» **THE TASK**
Would you please output the records exactly as they appear below?

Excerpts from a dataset
# # # #
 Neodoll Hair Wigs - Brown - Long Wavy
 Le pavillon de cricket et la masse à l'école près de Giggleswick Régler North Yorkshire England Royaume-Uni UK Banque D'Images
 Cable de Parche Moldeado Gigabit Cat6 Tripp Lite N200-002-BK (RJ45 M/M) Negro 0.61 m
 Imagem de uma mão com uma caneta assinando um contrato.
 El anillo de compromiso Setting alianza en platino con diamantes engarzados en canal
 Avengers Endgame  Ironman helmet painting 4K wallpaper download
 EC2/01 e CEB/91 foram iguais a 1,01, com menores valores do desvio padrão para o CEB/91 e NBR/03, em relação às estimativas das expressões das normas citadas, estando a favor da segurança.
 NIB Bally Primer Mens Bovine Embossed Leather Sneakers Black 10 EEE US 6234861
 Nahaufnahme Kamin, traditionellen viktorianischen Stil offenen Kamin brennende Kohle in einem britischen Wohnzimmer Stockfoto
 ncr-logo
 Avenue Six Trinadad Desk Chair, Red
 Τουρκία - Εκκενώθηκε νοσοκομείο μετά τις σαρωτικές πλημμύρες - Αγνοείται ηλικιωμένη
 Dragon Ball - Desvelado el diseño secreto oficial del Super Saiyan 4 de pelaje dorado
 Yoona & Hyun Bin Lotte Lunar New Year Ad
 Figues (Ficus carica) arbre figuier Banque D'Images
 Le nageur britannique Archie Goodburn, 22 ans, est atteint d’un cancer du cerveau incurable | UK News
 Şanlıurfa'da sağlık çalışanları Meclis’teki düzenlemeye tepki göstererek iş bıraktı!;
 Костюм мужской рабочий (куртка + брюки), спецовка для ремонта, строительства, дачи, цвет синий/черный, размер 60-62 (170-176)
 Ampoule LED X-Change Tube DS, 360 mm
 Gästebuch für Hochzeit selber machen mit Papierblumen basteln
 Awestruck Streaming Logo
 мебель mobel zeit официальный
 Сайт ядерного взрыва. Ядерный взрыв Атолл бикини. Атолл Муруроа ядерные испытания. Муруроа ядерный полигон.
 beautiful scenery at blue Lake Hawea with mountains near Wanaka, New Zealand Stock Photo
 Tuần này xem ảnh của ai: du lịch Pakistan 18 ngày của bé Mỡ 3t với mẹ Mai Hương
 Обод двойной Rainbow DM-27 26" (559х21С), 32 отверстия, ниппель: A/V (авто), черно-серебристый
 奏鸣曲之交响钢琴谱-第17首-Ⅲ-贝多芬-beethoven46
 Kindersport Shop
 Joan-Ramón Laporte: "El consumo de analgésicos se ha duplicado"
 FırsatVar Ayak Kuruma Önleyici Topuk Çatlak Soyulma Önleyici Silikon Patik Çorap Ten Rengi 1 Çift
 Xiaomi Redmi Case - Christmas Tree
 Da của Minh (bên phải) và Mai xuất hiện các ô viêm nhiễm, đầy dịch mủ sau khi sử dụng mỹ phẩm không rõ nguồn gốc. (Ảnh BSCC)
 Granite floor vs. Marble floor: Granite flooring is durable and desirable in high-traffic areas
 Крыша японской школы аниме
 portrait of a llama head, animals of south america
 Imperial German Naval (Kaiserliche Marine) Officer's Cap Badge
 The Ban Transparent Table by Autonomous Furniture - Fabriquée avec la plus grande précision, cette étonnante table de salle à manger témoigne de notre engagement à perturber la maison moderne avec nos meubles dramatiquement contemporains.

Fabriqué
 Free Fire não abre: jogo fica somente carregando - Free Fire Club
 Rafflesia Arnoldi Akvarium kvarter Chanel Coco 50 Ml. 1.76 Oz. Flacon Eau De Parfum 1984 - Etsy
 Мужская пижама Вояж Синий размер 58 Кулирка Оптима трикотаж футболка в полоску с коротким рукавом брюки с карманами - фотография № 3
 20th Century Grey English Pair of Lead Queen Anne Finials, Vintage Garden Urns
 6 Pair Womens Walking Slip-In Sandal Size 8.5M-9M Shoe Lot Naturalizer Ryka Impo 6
# # # #
» **RESPONSE TO THE EXERCISE**
 Neodoll Hair Wigs - Brown - Long Wavy
 Le pavillon de cricket et la masse à l'école près de Giggleswick Régler North Yorkshire England Royaume-Uni UK Banque D'Images
 Cable de Parche Moldeado Gigabit Cat6 Tripp Lite N200-002-BK (RJ45 M/M) Negro 0.61 m
 Imagem de uma mão com uma caneta assinando um contrato.
 El anillo de compromiso Setting alianza en platino con diamantes engarzados en canal
 Avengers Endgame  Ironman helmet painting 4K wallpaper download
 EC2/01 e CEB/91 foram iguais a 1,01, com menores valores do desvio padrão para o CEB/91 e NBR/03, em relação às estimativas das expressões das normas citadas, estando a favor da segurança.
 NIB Bally Primer Mens Bovine Embossed Leather Sneakers Black 10 EEE US 6234861
 Nahaufnahme Kamin, traditionellen viktorianischen Stil offenen Kamin brennende Kohle in einem britischen Wohnzimmer Stockfoto
 ncr-logo
 Avenue Six Trinadad Desk Chair, Red
 Τουρκία - Εκκενώθηκε νοσοκομείο μετά τις σαρωτικές πλημμύρες - Αγνοείται ηλικιωμένη
 Dragon Ball - Desvelado el diseño secreto oficial del Super Saiyan 4 de pelaje dorado
 Yoona & Hyun Bin Lotte Lunar New Year Ad
 Figues (Ficus carica) arbre figuier Banque D'Images
 Le nageur britannique Archie Goodburn, 22 ans, est atteint d’un cancer du cerveau incurable | UK News
 Şanlıurfa'da sağlık çalışanları Meclis’teki düzenlemeye tepki göstererek iş bıraktı!;
 Костюм мужской рабочий (куртка + брюки), спецовка для ремонта, строительства, дачи, цвет синий/черный, размер 60-62 (170-176)
 Ampoule LED X-Change Tube DS, 360 mm
 Gästebuch für Hochzeit selber machen mit Papierblumen basteln
 Awestruck Streaming Logo
 мебель mobel zeit официальный
 Сайт ядерного взрыва. Ядерный взрыв Атолл бикини. Атолл Муруроа ядерные испытания. Муруроа ядерный полигон.
 beautiful scenery at blue Lake Hawea with mountains near Wanaka, New Zealand Stock Photo
 Tuần này xem ảnh của ai: du lịch Pakistan 18 ngày của bé Mỡ 3t với mẹ Mai Hương
 Обод двойной Rainbow DM-27 26" (559х21С), 32 отверстия, ниппель: A/V (авто), черно-серебристый
 奏鸣曲之交响钢琴谱-第17首-Ⅲ-贝多芬-beethoven46
 Kindersport Shop
 Joan-Ramón Laporte: "El consumo de analgésicos se ha duplicado"
 FırsatVar Ayak Kuruma Önleyici Topuk Çatlak Soyulma Önleyici Silikon Patik Çorap Ten Rengi 1 Çift
 Xiaomi Redmi Case - Christmas Tree
 Da của Minh (bên phải) và Mai xuất hiện các ô viêm nhiễm, đầy dịch mủ sau khi sử dụng mỹ phẩm không rõ nguồn gốc. (Ảnh BSCC)
 Granite floor vs. Marble floor: Granite flooring is durable and desirable in high-traffic areas
 Крыша японской школы аниме
 portrait of a llama head, animals of south america
 Imperial German Naval (Kaiserliche Marine) Officer's Cap Badge
 The Ban Transparent Table by Autonomous Furniture - Fabriquée avec la plus grande précision, cette étonnante table de salle à manger témoigne de notre engagement à perturber la maison moderne avec nos meubles dramatiquement contemporains.

Fabriqué
 Free Fire não abre: jogo fica somente carregando - Free Fire Club
 Rafflesia Arnoldi Akvarium kvarter Chanel Coco 50 Ml. 1.76 Oz. Flacon Eau De Parfum 1984 - Etsy
 Мужская пижама Вояж Синий размер 58 Кулирка Оптима трикотаж футболка в полоску с коротким рукавом брюки с карманами - фотография № 3
 20th Century Grey English Pair of Lead Queen Anne Finials, Vintage Garden Urns
 6 Pair Womens Walking Slip-In Sandal Size 8.5M-9M Shoe Lot Naturalizer Ryka Impo 6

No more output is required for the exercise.